My latest exhibit, Lubbock in the rearview mirror, now has eighteen shots, all instagrammed, all square, all from the mirror of our Kia van which just, by the way, got its black-and-white Texas tags. This exhibit is a kind of examination of what happens when you go around, always somewhat obsessed with where you've been. Also, if you know Lubbock, you know that having things like the Marsha Sharp around make your life more convenient, but in the end become the environment you live in a lot; therefore, you become more focused on these things. One might consider them a blight on the landscape, yes, but they are also pretty, in their own kind of way.
Now I've only been in Lubbock for about two months, and I can tell you, half the time you're in the car, it's somewhat dangerous to whip out the phone and just use it on whatever you see. Whole swaths of town, particularly the pretty part up by downtown and in the east, have gone unphotographed. It's not because I'm chicken. The other day I was downtown, and an enormous rainbow appeared over the main building downtown. At the same time it had rained and there were playas all over the place swallowing whole cars. But I was picking up Chinese food and had to take it home quickly, and I was on streets I wasn't familiar with. That's always a little dicey here.

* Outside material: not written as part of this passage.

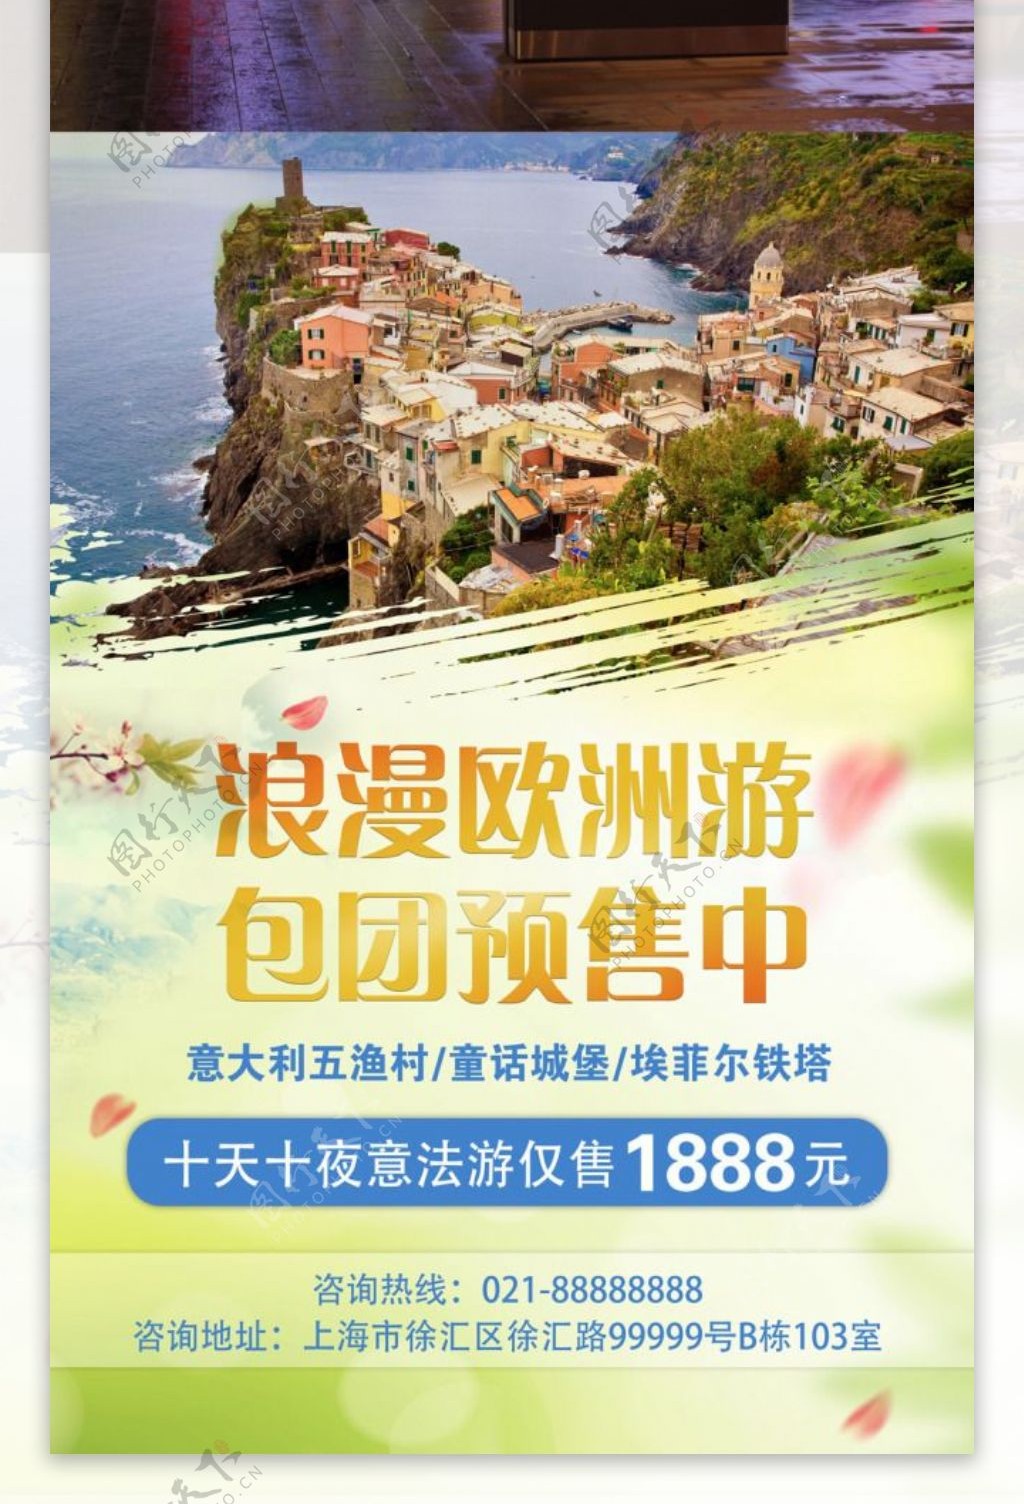 黄绿色浪漫清新旅行社推广宣传海报欧洲旅游宣传dm单页

What I'm trying to say is, you're getting a view of what I have time to shoot, the places where I might actually be a passenger, and places where I can shoot with less pressure.
I may or may not get better at this with time, but there's another possibility: I'll just stop being so obsessed with "where I've been" and focus more on not framing what's in front of me. For the moment I'm not too worried about using the cellphone camera as my main tool. It seems kind of pop to me, even though I readily admit I've sacrificed some quality. It makes me feel like a traveler in the new world.